We can divide the problem into multiple smaller problems and solve each one separately.  It is possible that multiple issues contribute to the same problem.  For example, if your basement is flooding, it could be caused by a leaky bathtub or a leaky toilet, or both.  If you only find and plug one leak, your basement will continue to flood.

We can use the OSI model to help us solve the problem, either starting at the top or at the bottom.  The OSI model can help us rule out issues.  For example, if a user is having trouble connecting to the internet, but their computer has obtained a valid IP address and can connect to the router, then the physical, data link, and network layers are working.  We can start investigating at the next layer.  This is a top-to-bottom approach.
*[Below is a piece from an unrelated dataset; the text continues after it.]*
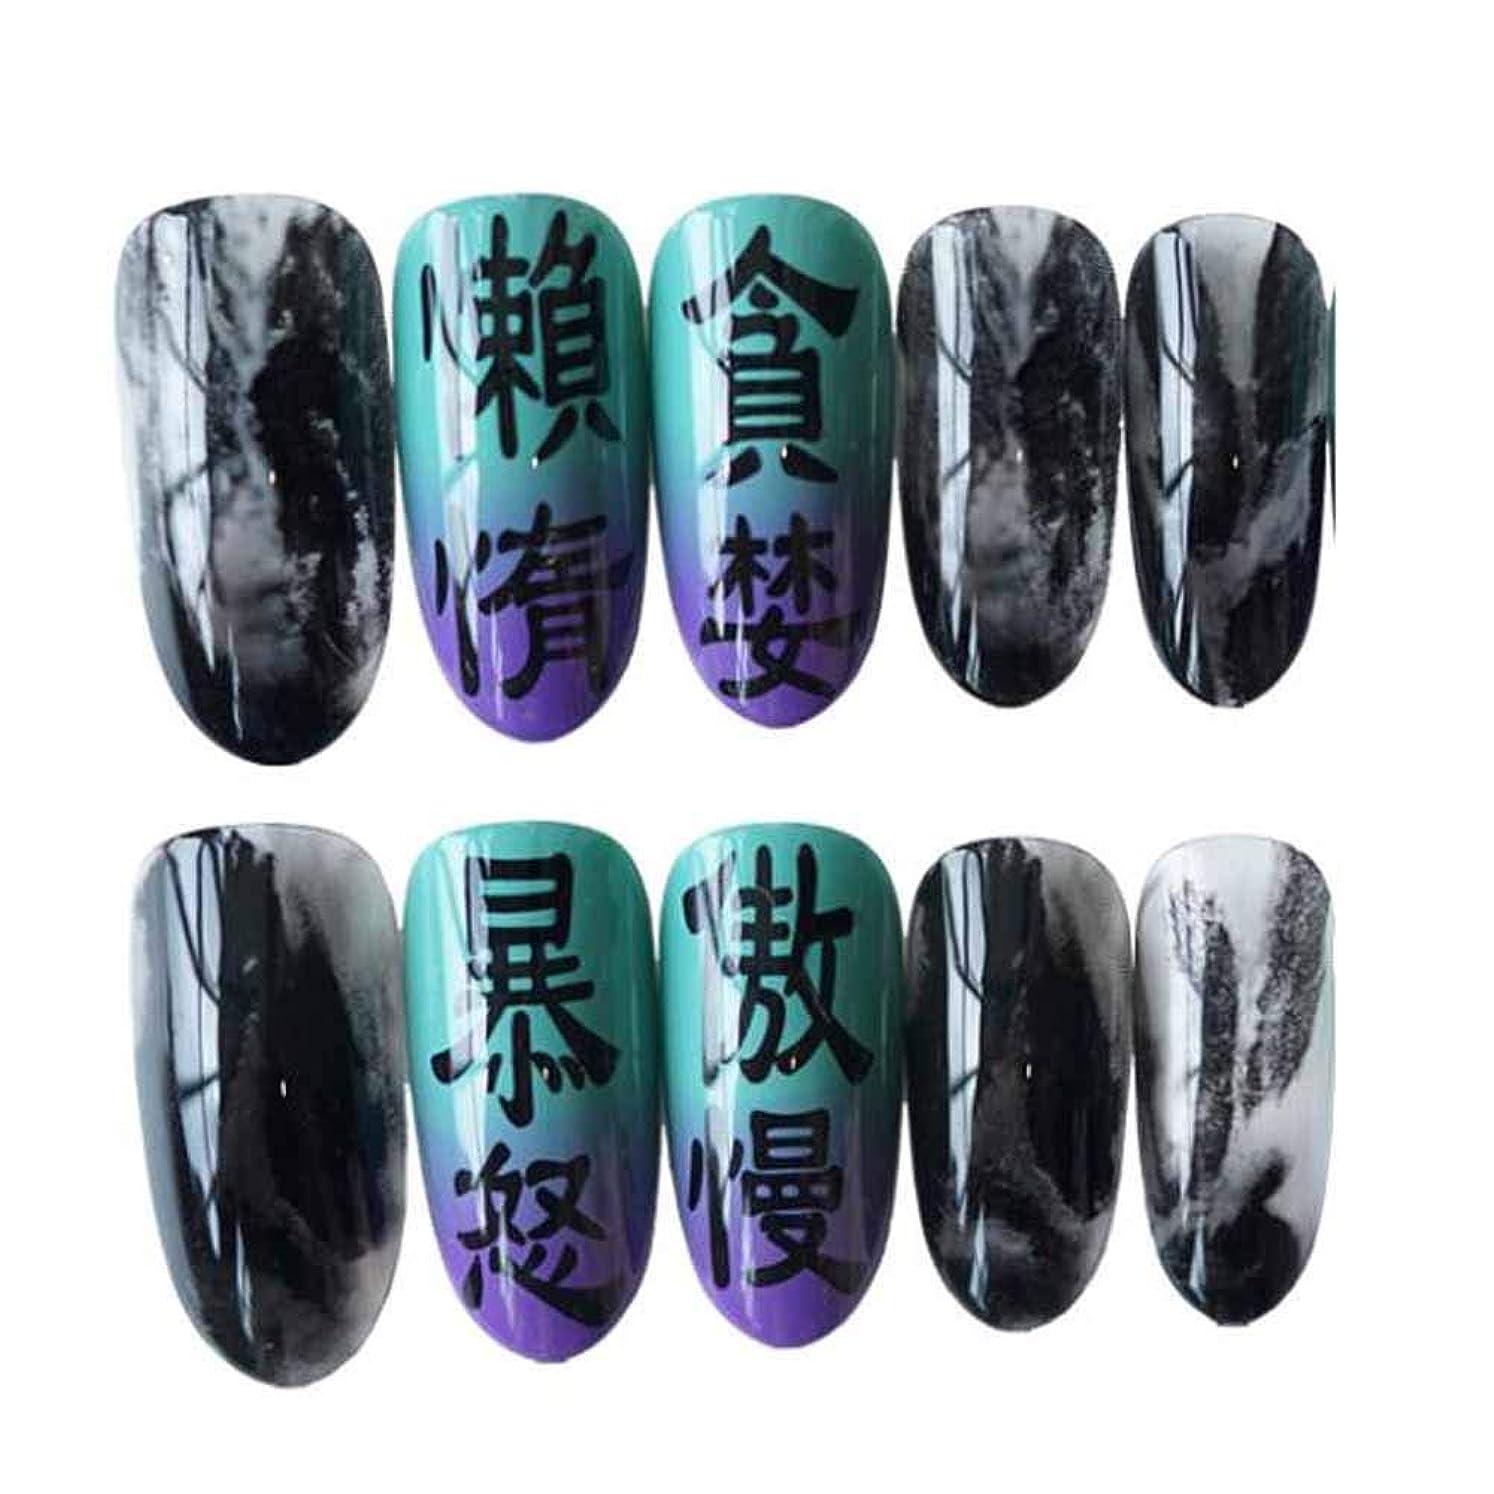 散文概して粘り強い嫉妬 - 紫/黒のシャープな偽の指爪人工的な偽の爪のヒント暗い

Remember that the layers are

  • Layer 1 – Physical
  • Layer 2 – Data Link
  • Layer 3 – Network
  • Layer 4 – Transport
  • Layer 5 – Session
  • Layer 6 – Presentation
  • Layer 7 – Application

If your stomach hurts, the doctor will come up with a theory for the cause.  Is it muscle pain?  Is it nerve pain?  Is it a chemical imbalance in your blood?  Something you ate?

Test the Theory to Determine the Cause

We test our theory.  The theory is what we think caused the problem.  We can test the theory by removing the source of the error.  For example, if a software update caused the error, we should roll back the update.
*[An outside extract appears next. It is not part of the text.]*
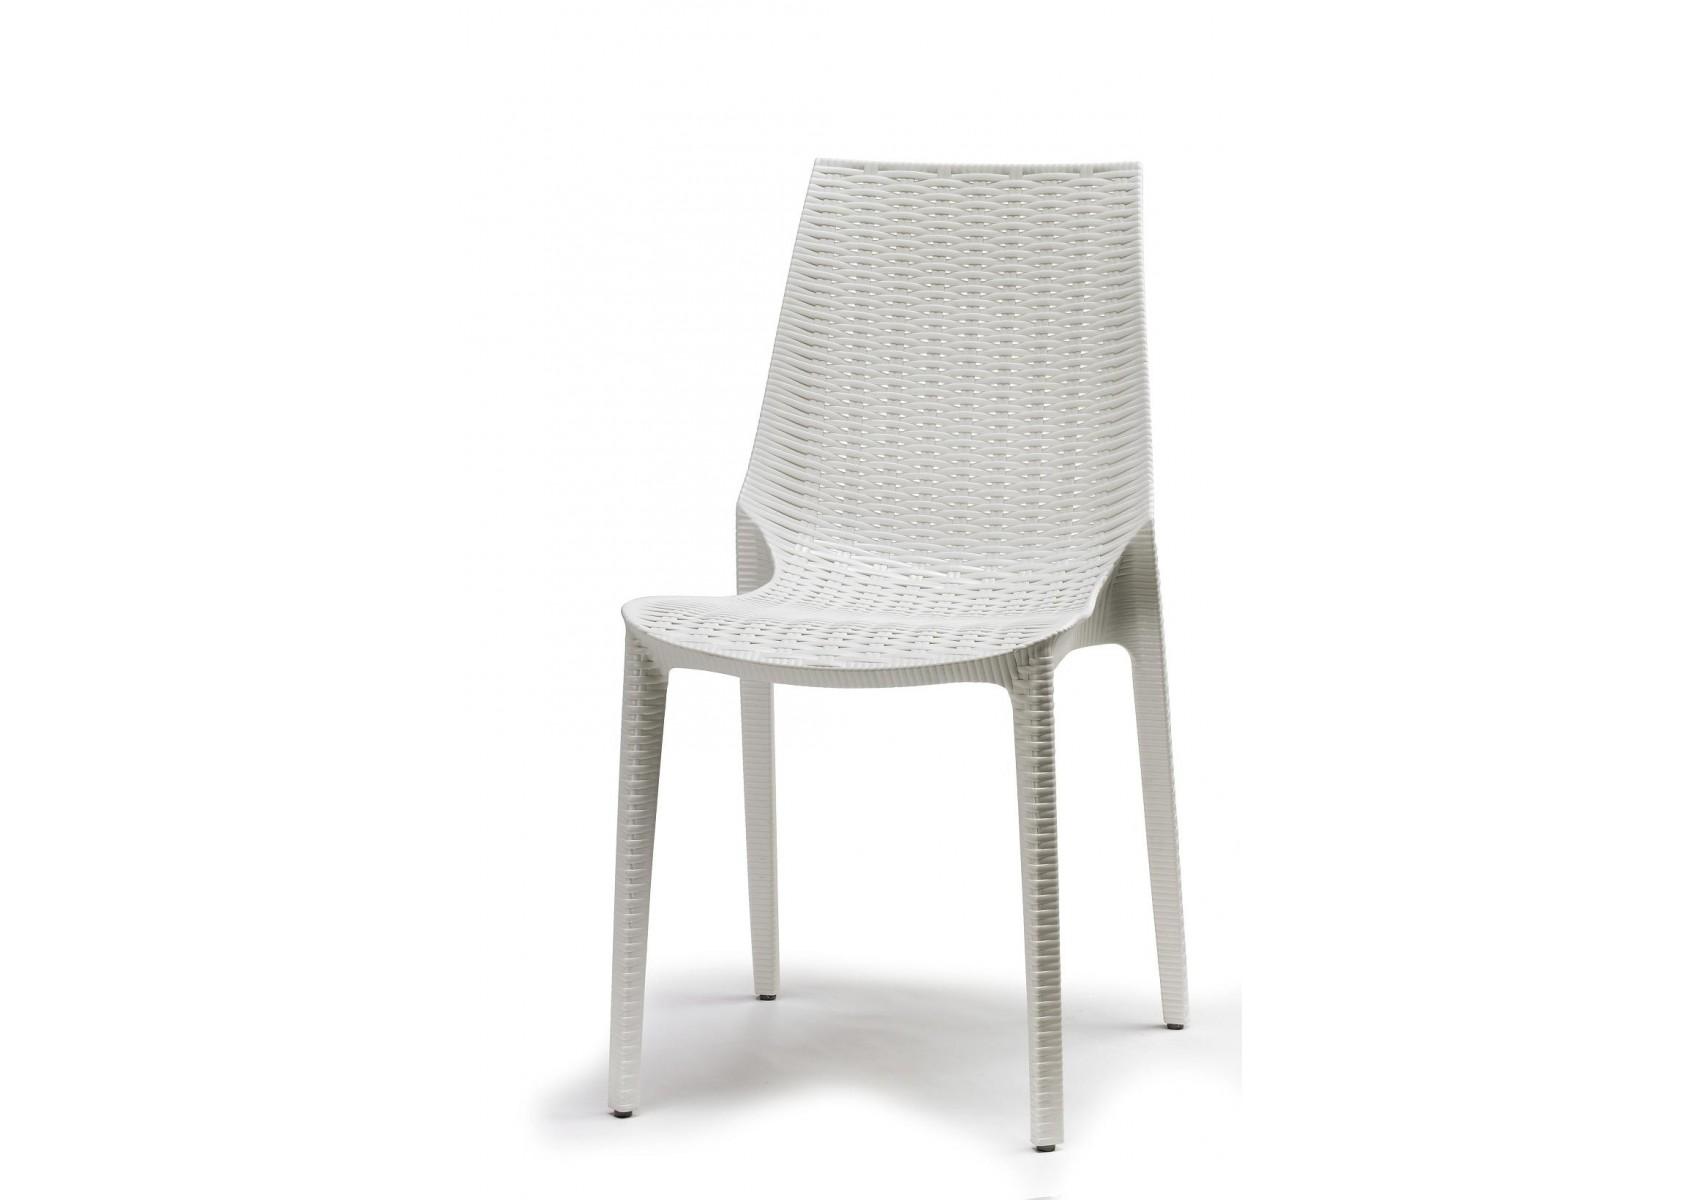 Chaise tiss e design lucrezia blanche deco boite for Chaise blanche design

If the problem is solved, then the theory is correct.  Otherwise, the theory is wrong, and we must find a new theory.  If we find that the cause is beyond our control, we should escalate to another expert.

If you have a stomach ache, the doctor might give you medication.  If the medication makes your stomach ache go away, then the theory is proven.  Otherwise, the doctor needs to find a new medication or treatment option.
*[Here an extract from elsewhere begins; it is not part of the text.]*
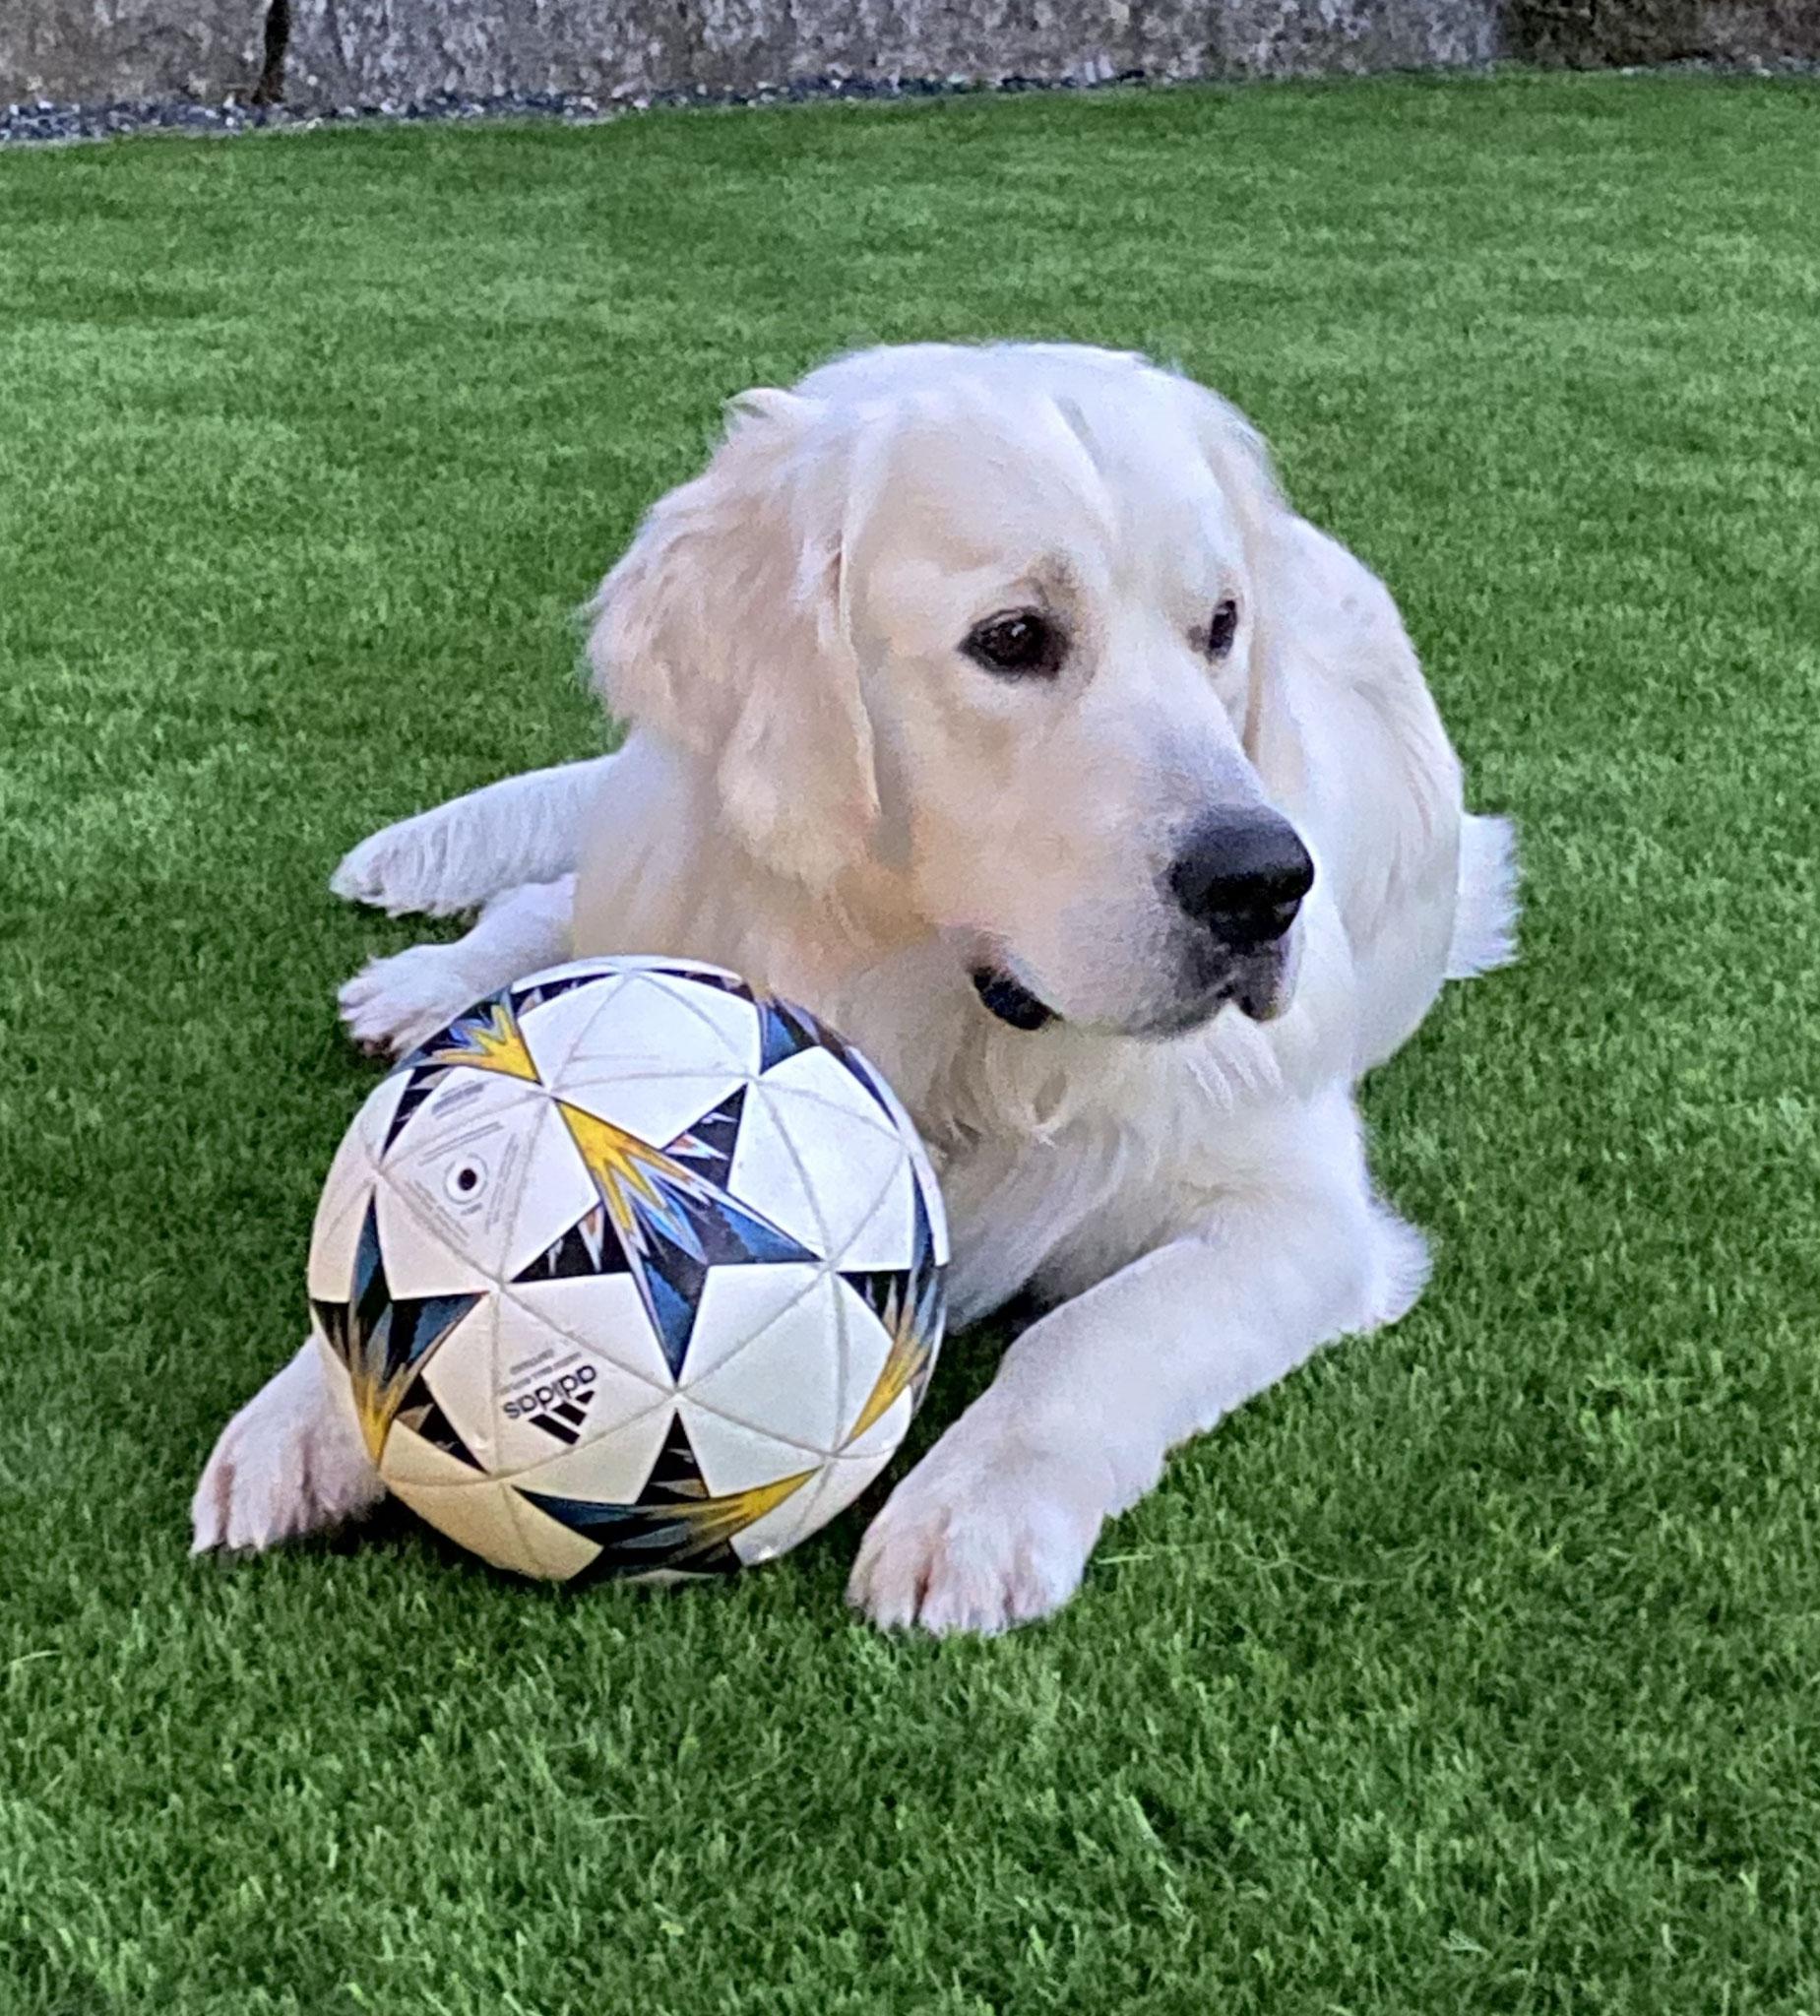 Fussball von meinem Nachbarn Sisley - DANKE Sisley! Freue mich SEHR darüber!!!

Establish a Plan of Action to Resolve the Problem and Identify Potential Effects

If the theory is correct, we should develop a plan to resolve the problem.  Remember that a problem may affect multiple users.  If we rolled out a software update across the organization, and it caused errors, and our theory was that the software update caused the error, we could test our theory by rolling back the update on a single user’s computer.

The plan of action would be to roll back the update across the entire organization.  Before we execute a plan of action, we should identify its potential effects.  The effects can include disruption to the organization’s systems, and financial risk.  What if the software update was necessary to patch a security vulnerability?  Rolling it back would open the organization to risk.

If the doctor gives you stomach medication, that medication may give you side effects that are worse than the illness you’re trying to treat.

Implement the Solution or Escalate as Necessary

Finally, we must implement the solution.  If we don’t have the ability to implement the solution (don’t have permission, don’t have approval for the cost of the solution, don’t have approval to implement a solution that causes downtime, etc.), we must seek approval from a higher level.  This is known as an escalation.

Verify Full System Functionality and, if Applicable, Implement Preventative Measures

After we have implemented the entire solution, we should verify that everything is working and that no new problems have been caused.  We should consider implementing preventative measures to keep the problem from happening again.  That is, we don’t want to resolve just the symptoms with a “band aid” fix; we want to resolve the root cause of the problem.

If you’ve been taking your stomach medication, the doctor will verify that your stomach ache went away.  He might recommend that you go on a diet or stop eating spicy foods so that the stomach ache doesn’t come back.  You don’t want to stay on stomach medication for your entire life.

Document Findings, Actions, and Outcomes

Finally, we should fully document the problem.  Our documentation should include the symptoms of the problem, the actions we took to resolve it, and the outcome.  This documentation can be used by other technicians who encounter the same problem in the future.  We might call this documentation lessons learned.